Para santri sedang belajar kitab kuning di sebuah pesantren Ilustrasi/ANTARA FOTO/Iggoy el Fitra
Para santri sedang belajar kitab kuning di sebuah pesantren Ilustrasi/ANTARA FOTO/Iggoy el Fitra

Wawancara Savic Ali

Kiai Kampung Lebih Paham Praktek Pancasila

Sobih AW Adnan • 01 Juni 2017 18:07
medcom.id, Jakarta: Sepekan pertama ramadan ini, boleh jadi akun medsos Anda pernah mendapat forward video pendek beirisi tauziah dari uztad yang kurang beken. Kurang beken bila ukurannya mempunyai acara khusus di salah satu atau lebih televisi nasional.
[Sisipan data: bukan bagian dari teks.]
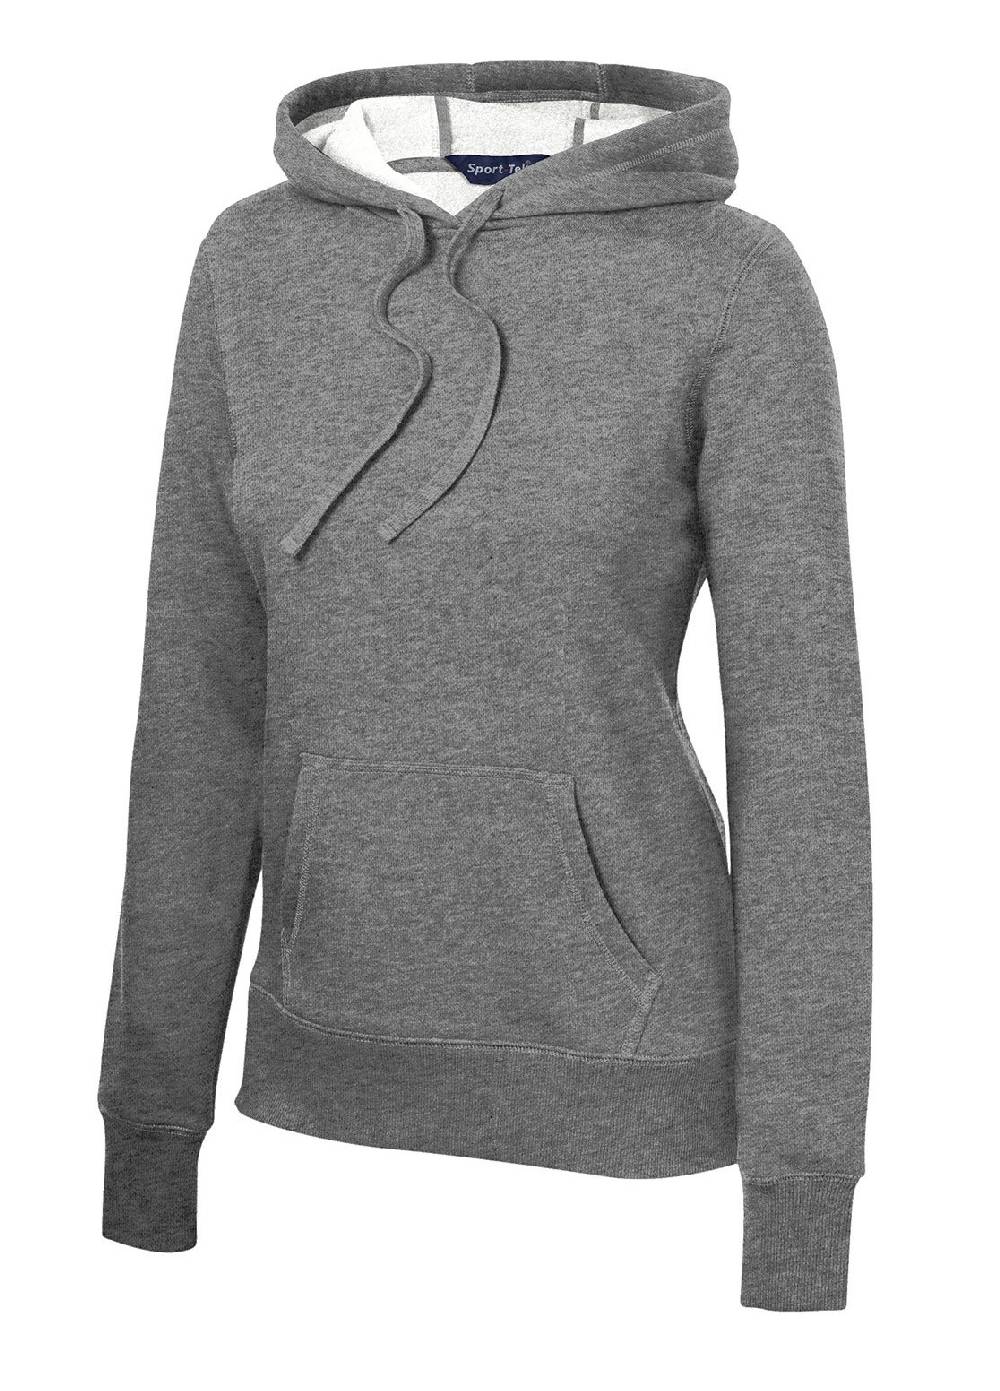 Women's Sport-Tek Pullover Sweatshirts

Bila ukurannya kabupaten atau wilayah sekitar kampung tempat tinggalnya, para uztad itu beken banget.
 
Walau demikian materi tauziah dari tokoh pesantren, majelis taklim, madrasah atau musala dari pelosok-pelosok daerah di Tanah Air itu justru keren banget, sangat kekinian. Para uztad dengan gaya yang lugas dan aksen medoknya bicara mengenai nilai-nilai Islam dalam praktek kerukunan antar umat beragama, toleransi, jihad serta isu-isu sosial lain yang sedang menjadi kasak-kusuk kaum urban dan keresahan bangsa.
 
Sosok di balik penyebaran video-video pendek melalui akun medsos NUtizen itu adalah Savic Ali. Pria ceking berkacamata tebal dan berambut gondrong ini giat menggalang jaringan teman-temannya alumni berbagai pesantren tradisional Nahdatul Ulama (NU) di Indonesia untuk mengunggah video-video tauziah keren di lingkungannya masing-masing.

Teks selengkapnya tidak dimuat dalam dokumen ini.